# Your instructions:
Would you please return the lines of the entries below starting at the line that has "Graco Swing By Me Twister - image 3 of 6" and ending at the line that has "Kings rookie Marvin", both included, exactly as they are?

# Dataset entries:

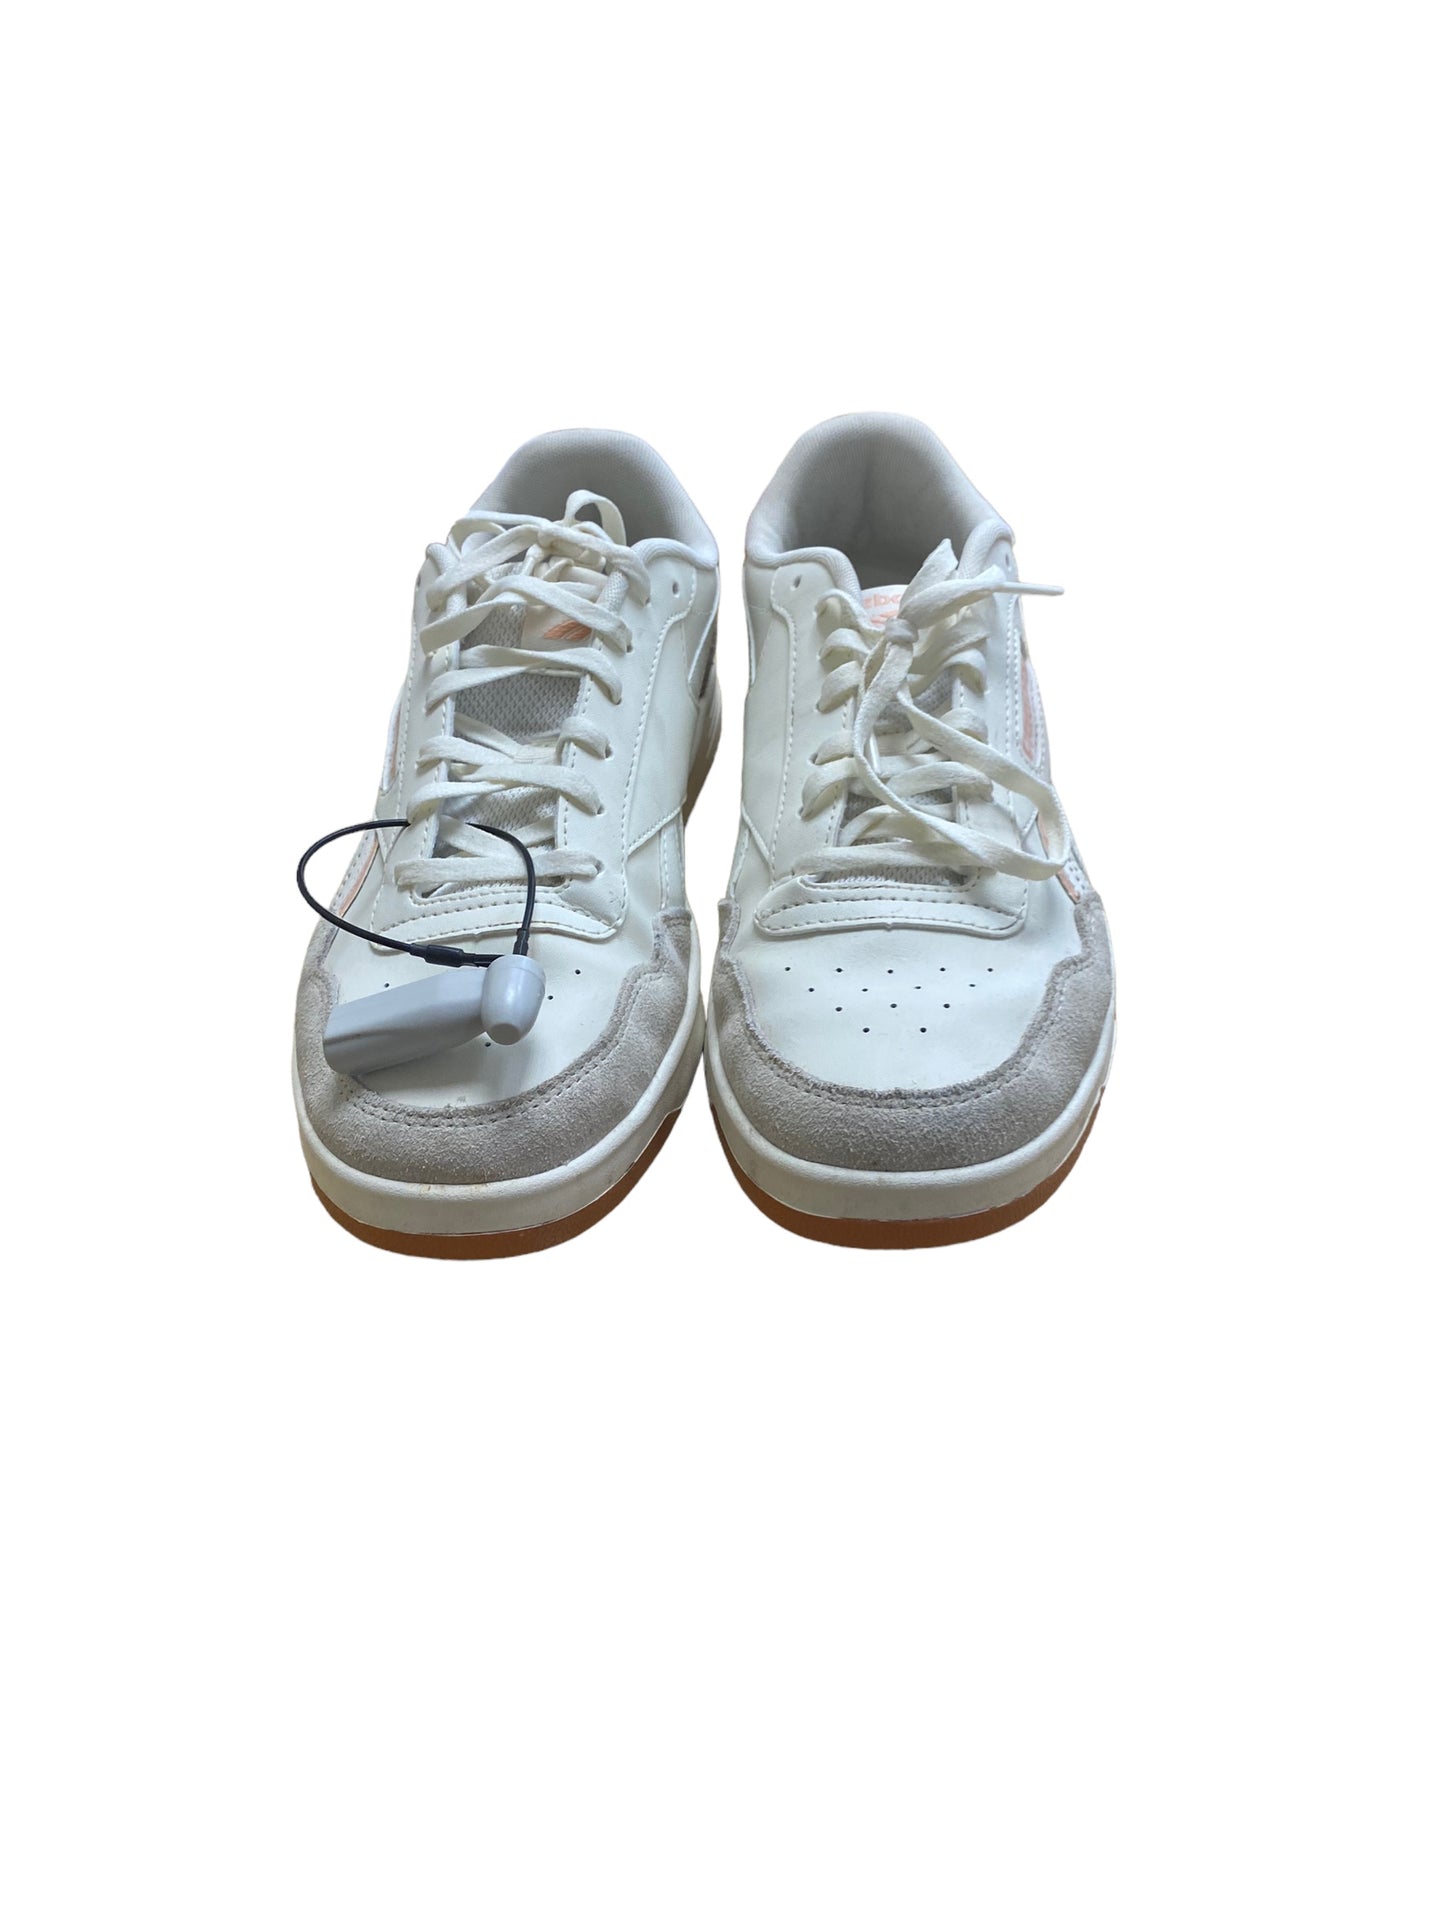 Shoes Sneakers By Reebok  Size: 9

...

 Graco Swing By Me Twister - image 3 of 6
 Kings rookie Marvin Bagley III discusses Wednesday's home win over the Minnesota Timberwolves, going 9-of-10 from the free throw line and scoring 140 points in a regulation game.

# Response:
 Graco Swing By Me Twister - image 3 of 6
 Kings rookie Marvin Bagley III discusses Wednesday's home win over the Minnesota Timberwolves, going 9-of-10 from the free throw line and scoring 140 points in a regulation game.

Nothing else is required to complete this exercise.